What’s best for Britain is not what you think

Tell me truly: is it possible that Brexit is bad for the City but good for Britain?

No one’s really asked this question yet, at least not directly. As someone who’s in the financial services industry, at least nominally, it’s probably not in my interests to raise the point. But the point is certainly in your interests. So let’s raise it.

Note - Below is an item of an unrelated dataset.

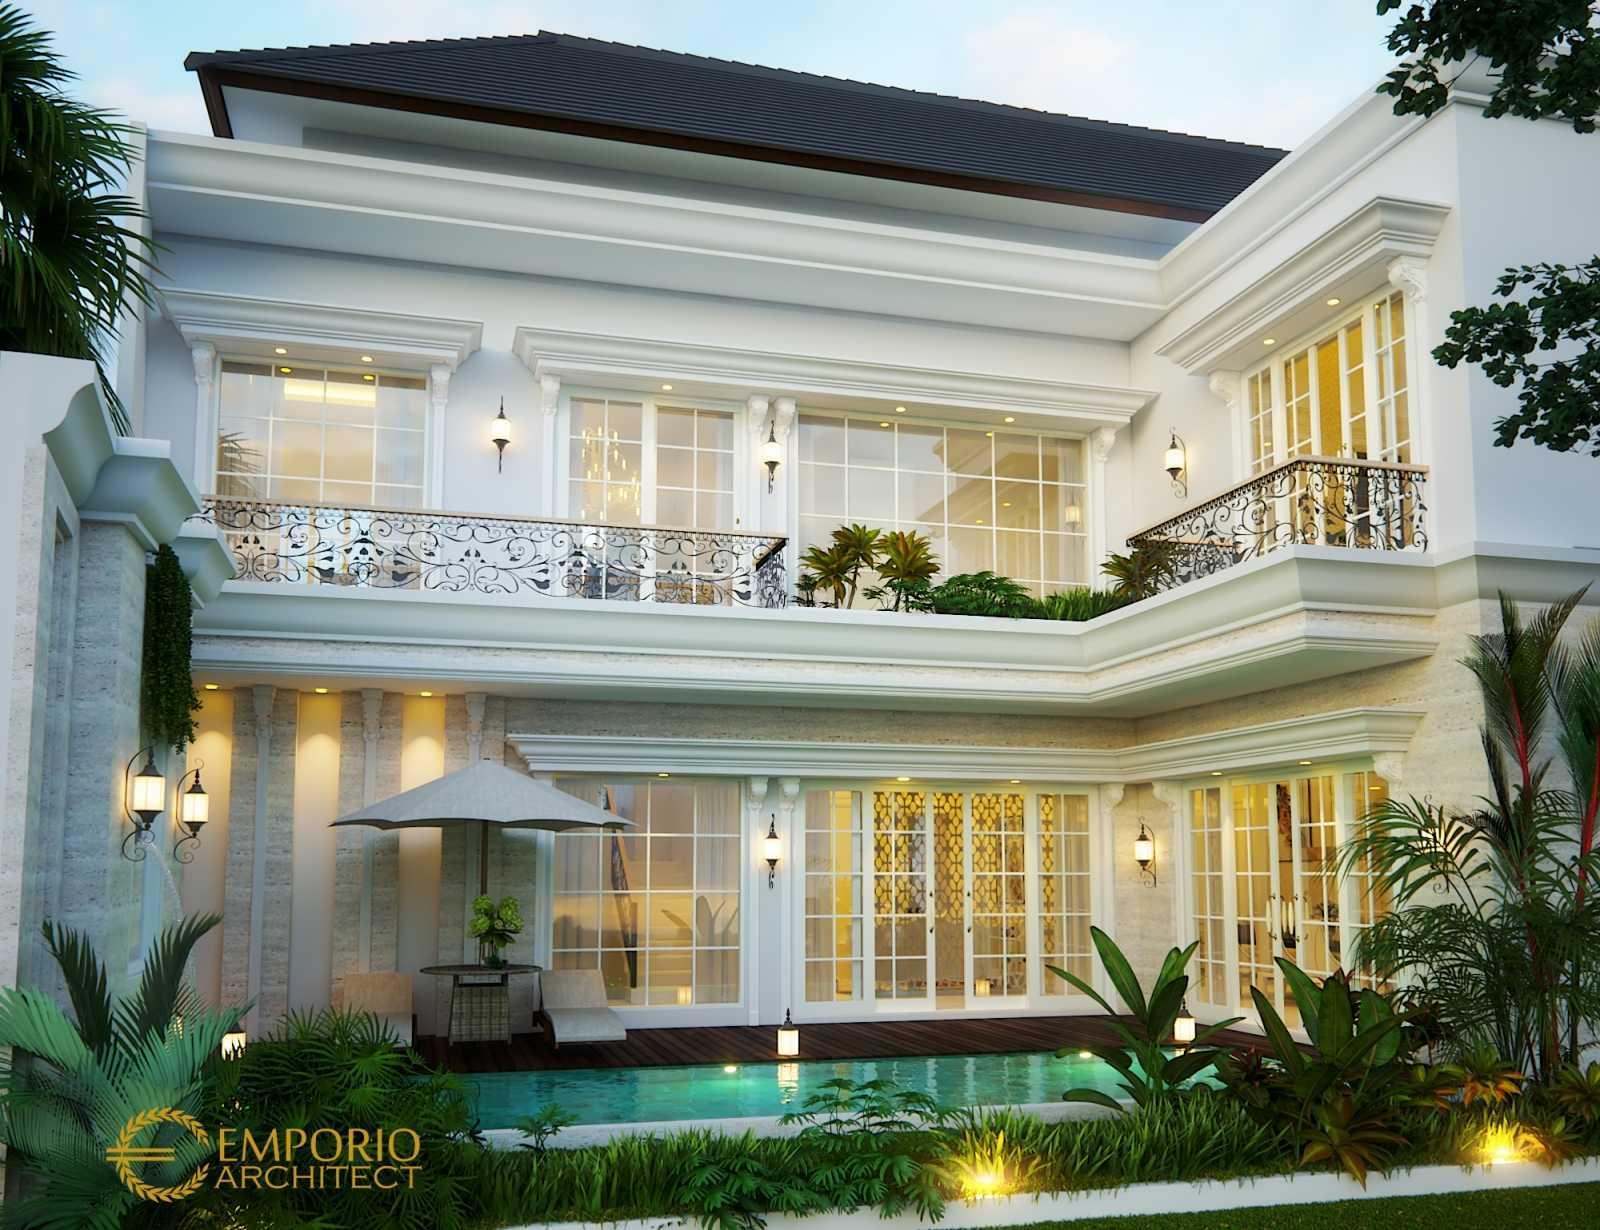 Emporio Architect Desain Rumah Classic Tropis 620 @ Jambi Jambi, Kota Jambi, Jambi, Indonesia Jambi, Kota Jambi, Jambi, Indonesia Emporio-Architect-Desain-Rumah-Classic-Tropis-620-Jambi   78240

I ask because JPMorgan CEO Jamie Dimon told the British public that Brexit is certainly bad for JPMorgan. Campaigning with the tone-deaf and doomed George Osborne, Dimon held forth on the issue. And in prepared remarks published by Bloomberg he was as direct as you could be. He said: “If the U.K. leaves the EU, we may have no choice but to re-organize our business model here. Brexit could mean fewer JPMorgan jobs in the U.K. and more jobs in Europe.”

It’s not a trifling issue

The company has 4,000 employees in Bournemouth alone. And if the rest of the UK-based financial services industry follows JPMorgan’s lead, you’re looking (potentially) at thousands of jobs relocated to the continent. With the jobs go the incomes that pay mortgages, rents, buy lattes, steaks, loafers, Ubers, and generally support the rest of the economy in south-east London.

But here’s my point: if we really are at the pointy end of an epic global debt binge, from which the financial services industry has benefitted more than anyone (except for government itself), then the financial services industry faces hard times anyway. Doing what’s best for the bankers may not be what’s best for Britain.

There. I said it.

As the old saying goes, you shouldn’t cut off your nose to spite your face. Brexit may cost the industry, or it may not. We don’t know. But no one’s asking if Britain’s long-term national interests are better served by having an economy that’s not wholly dependent on London-based money shuffling.